И точно, Леклер обводила застенок совершенно потерянным взглядом. Она не могла опомниться от ужаса перед всеми этими предметами, которые представились ей как нечто страшное, давящее, разящее. Она не могла даже подумать о том, что вот в этих тисках будут давить ее маленькие ножки, а этот винт будет щемить ее белые нежные руки, которые она так холила и берегла. А розги? А плети? Неужели ими будут ее бить, сечь? А каленые щипцы, жаровня? Неужели будут поджигать и рвать ее нежное тело? Страшно! Страшно! Ей казалось, что все эти предметы ожили; казалось, будто они сами встали и вот уже бьют, ломают, рвут, жгут. Что же это? Что же?.. Она закрыла глаза и сидела, бледная, омертвелая. В цветах, пудре, кружевном пудреманте, видневшемся через распахнувшийся салоп, в шитых золотом, надетых на босую ногу туфлях, она дрожала как в лихорадке и казалась бежавшей из чистилища или вставшей из гроба. Руки ее тряслись, зубы стучали один о другой.

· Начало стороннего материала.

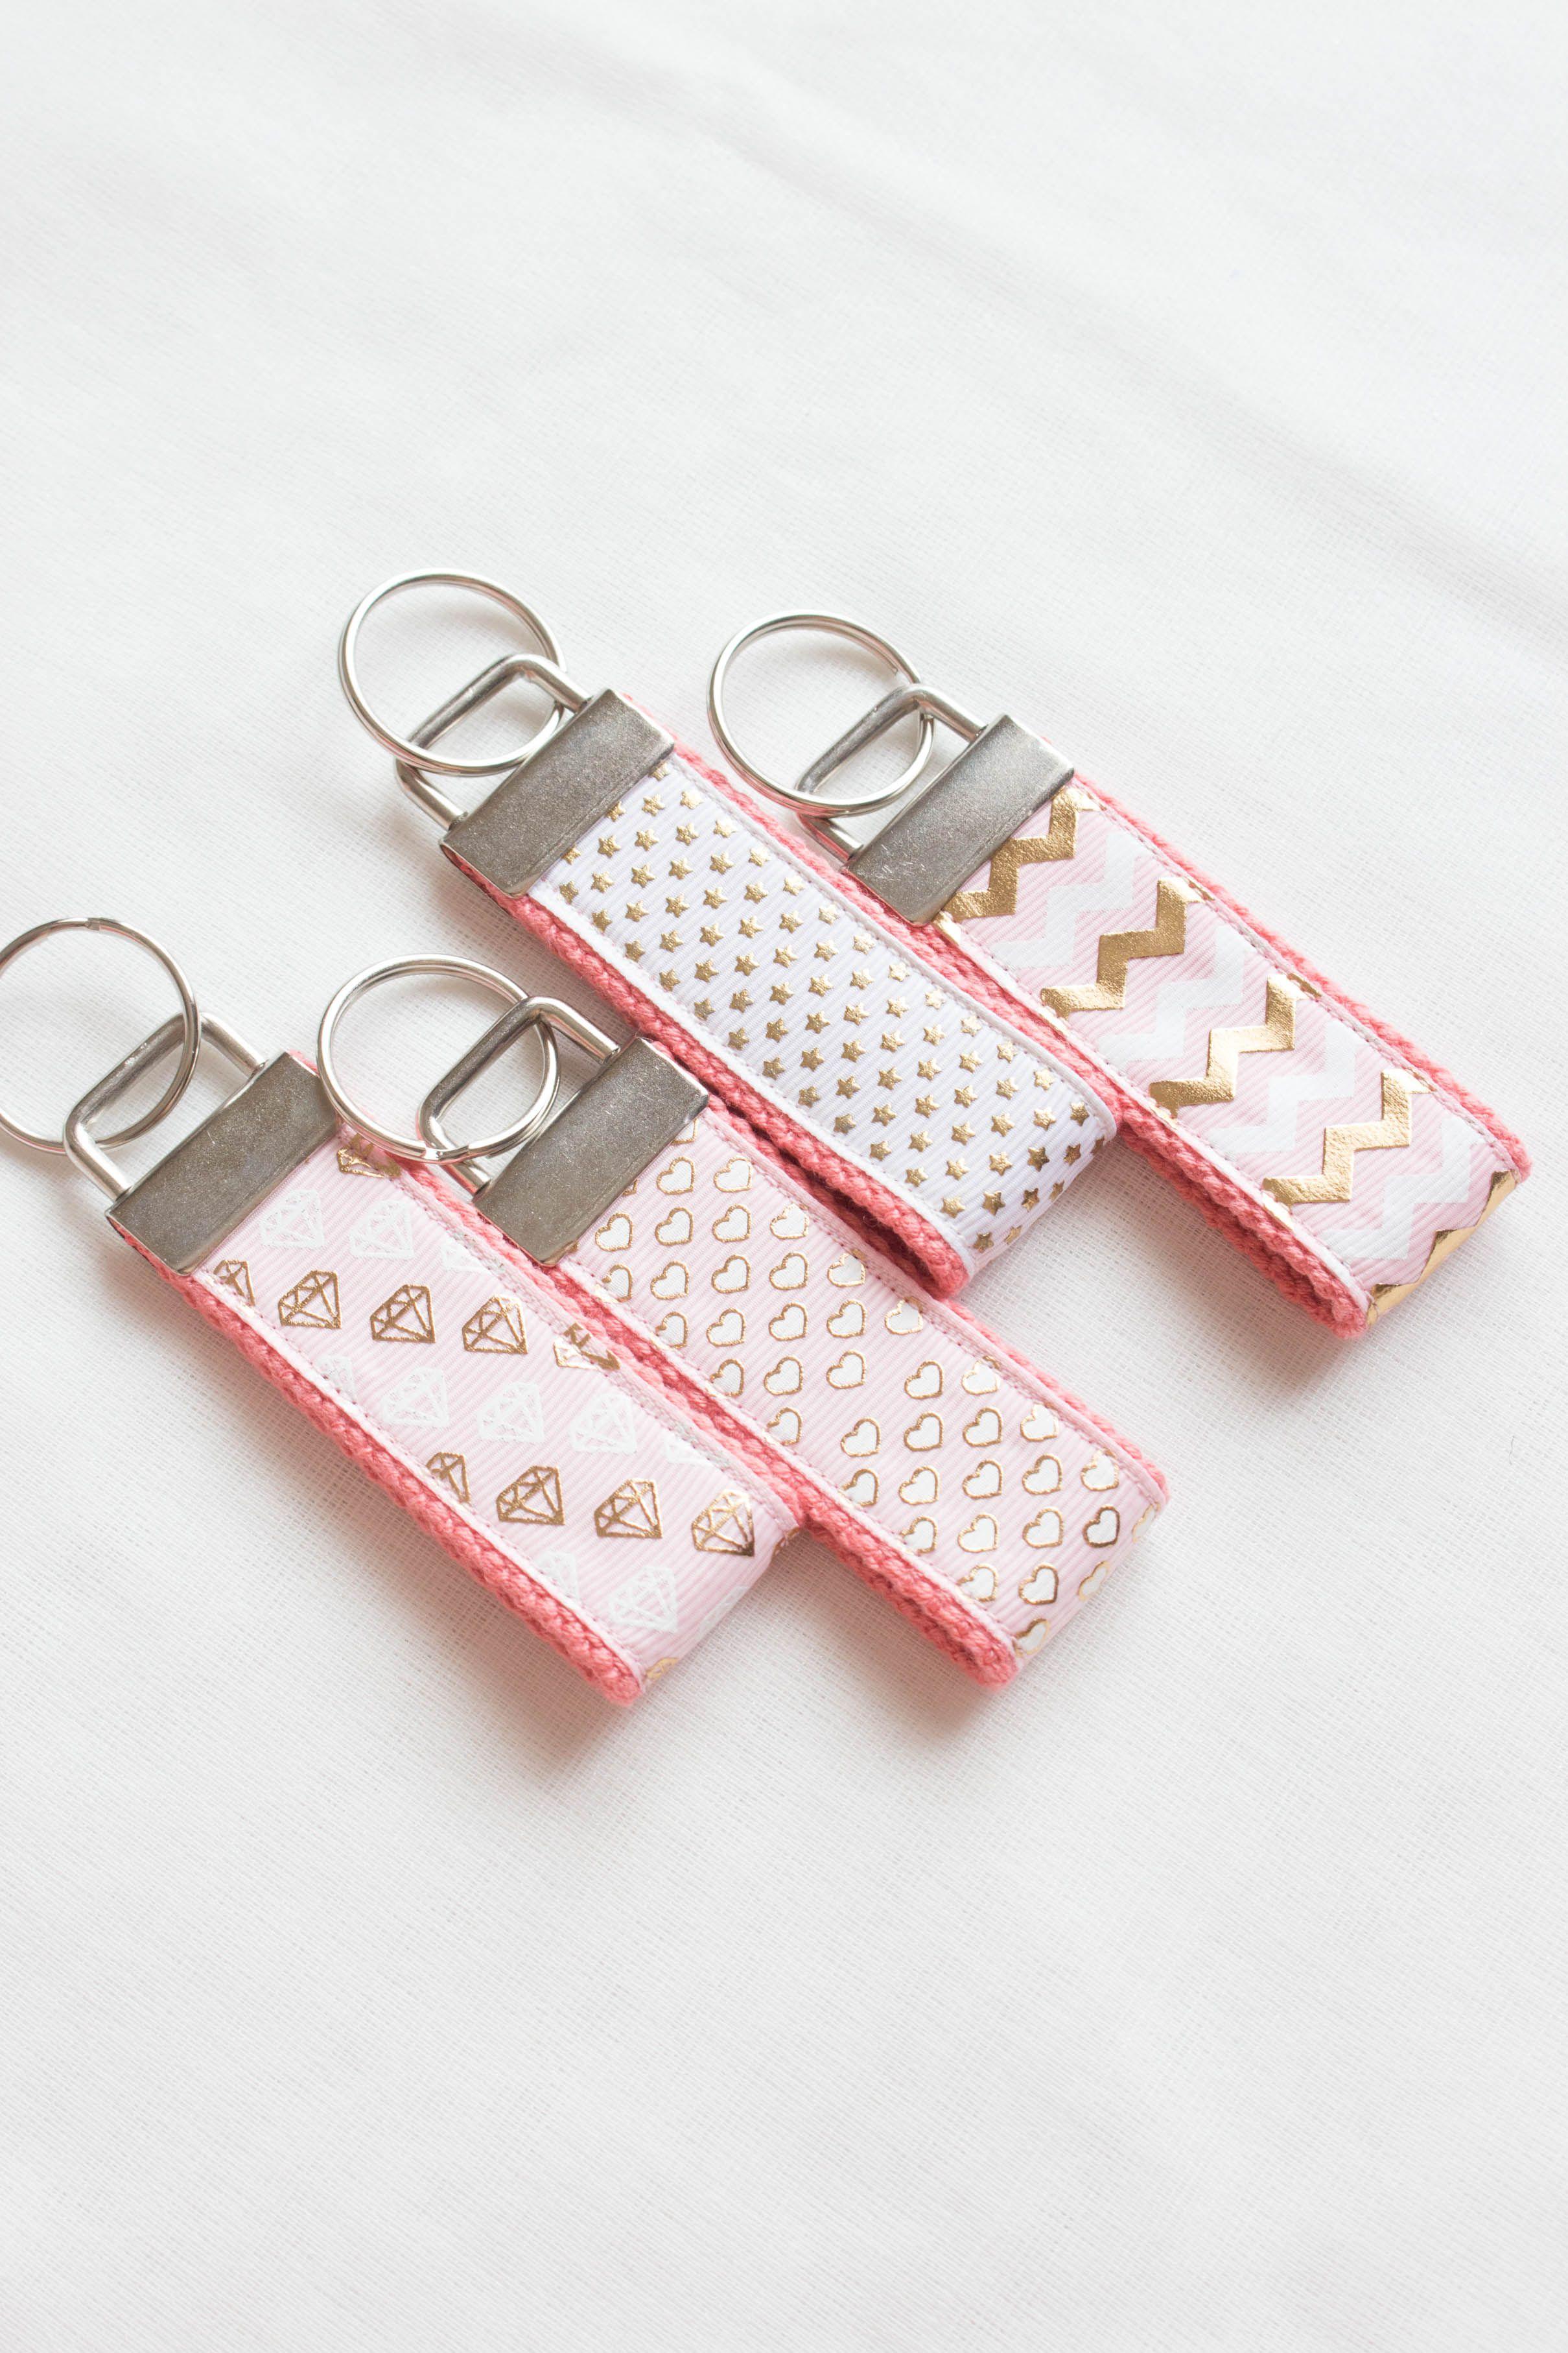 unique keychain accessory handmade kawaii

– Ну вот ее, на приклад, возьмешься ты кнутом сразу зашибить? – спросил Тимоха.
– Ее-то? Эту-то? Да на нее кнута не нужно, я и плетью перешибу! Так, с первого удара до самой кости и прорежу. Ты, брат, еще не знаешь, что такое кнут! Хочешь об заклад на осьмуху водки, что вот я кнутом на кобыле зарубку положу, а может, и кусок дерева вырву.
– Хвастай! Ну где ж из дерева вырвать.
– Право, вырву! Хочешь на осьмуху?
– Да ты тише болтай-то, ведь слышит.
– Разве не видишь, что чухна, что ли, али хранцуженка какая; по нашему-то не знает.
Но Леклер понимала и с ужасом смотрела, как один из палачей снял со станка кнут длиною около трех сажен и, показывая на тонком конце вплетенную туда заскорузлую юфть, объяснял, что она куда тверже дерева и тело как ножом режет.
Но в это время вошел суровый мужик в красной шелковой рубашке и синей бархатной однорядке нараспашку.
Увидев его, Ефим опустил кнут, а Тимофей наклонился, делая вид, что прибирает лежавшие у кобылы розги.
– Чего галдели? Чем дело делать, а вы только языки чешете! Вон жаровня-то, почитай, совсем потухла. Смотри, чтобы я щипцы-то на вас попробовать не вздумал.
Малые испуганно переглянулись. Вошедший был палач, сам Калистрат Парфеныч.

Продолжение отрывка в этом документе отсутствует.